一缕风飘进来,吹得叶芮一阵寒颤,她看了眼谢听澜的脸色,又觉得让自己寒颤的不是那阵风。
“她当我是猪肉啊, 还洗干净, 是要清蒸还是焖焗?”
叶芮一句玩笑带过之后,就打开信件看。即便没有看见谢听澜的表情, 可自己说了刚才那句话后, 叶芮还是能感觉到气氛缓和了下来。
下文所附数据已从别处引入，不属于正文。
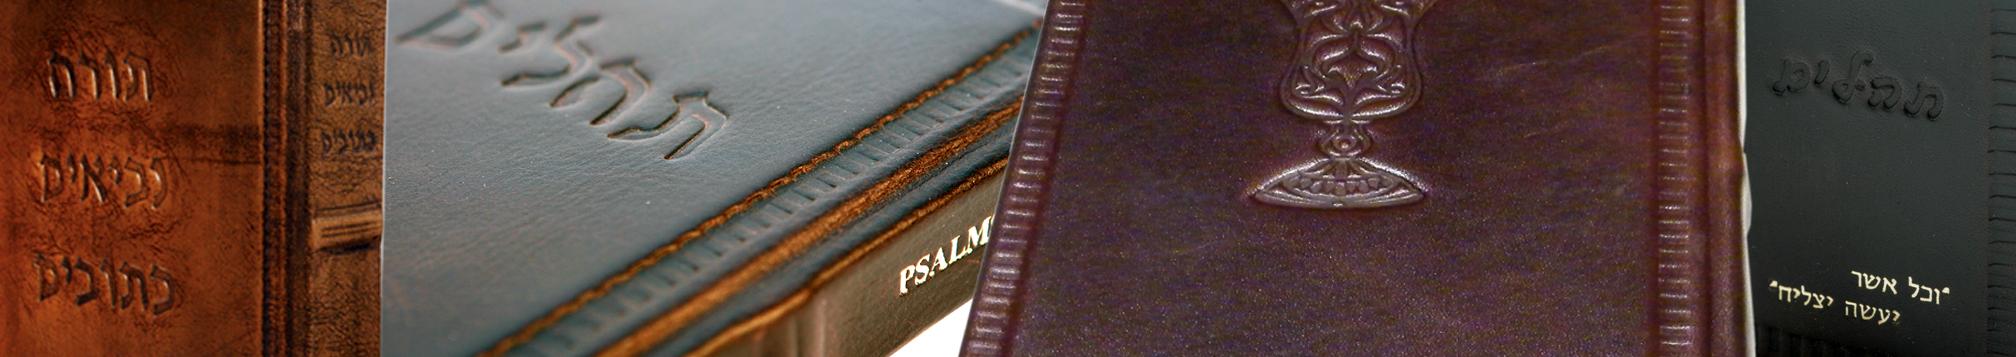 ספר ברכות

日曦轻笑一声,随后退了出去, 还十分贴心的把门关上。
叶芮仔细的瞧了一眼信里的内容, 里面写着一个男人的外表特征, 武功身法,以及救走古盛当天曾经去过的地方。
男人脸上有一条长长的伤疤, 穿黑衣, 身高六尺,头戴斗笠。虽然男人使出来的武功仿佛融合了百家所长, 却还是在身法上露了根脚。此人的身法最为贴近朝阳派的逐日步法,只是难掩他身上的野路子,想来是草莽出身,然后投身朝阳派。
他救走古盛之后,古盛把身上的银子都给了他,后来有一个内侍把古盛接走了。那内侍在谢听澜屠杀古家满门之前,便已经与那男人见过面,只是那内侍始终头戴斗笠,身份不明,只知道旁人唤他公公。
后来, 那男人便去了白鹤楼大吃大喝一顿,晚上又去了烟雨楼,几杯黄酒下肚却始终没有透露身份,也算谨慎。从烟雨楼离开后,他便直接离开了京城,往南方而去。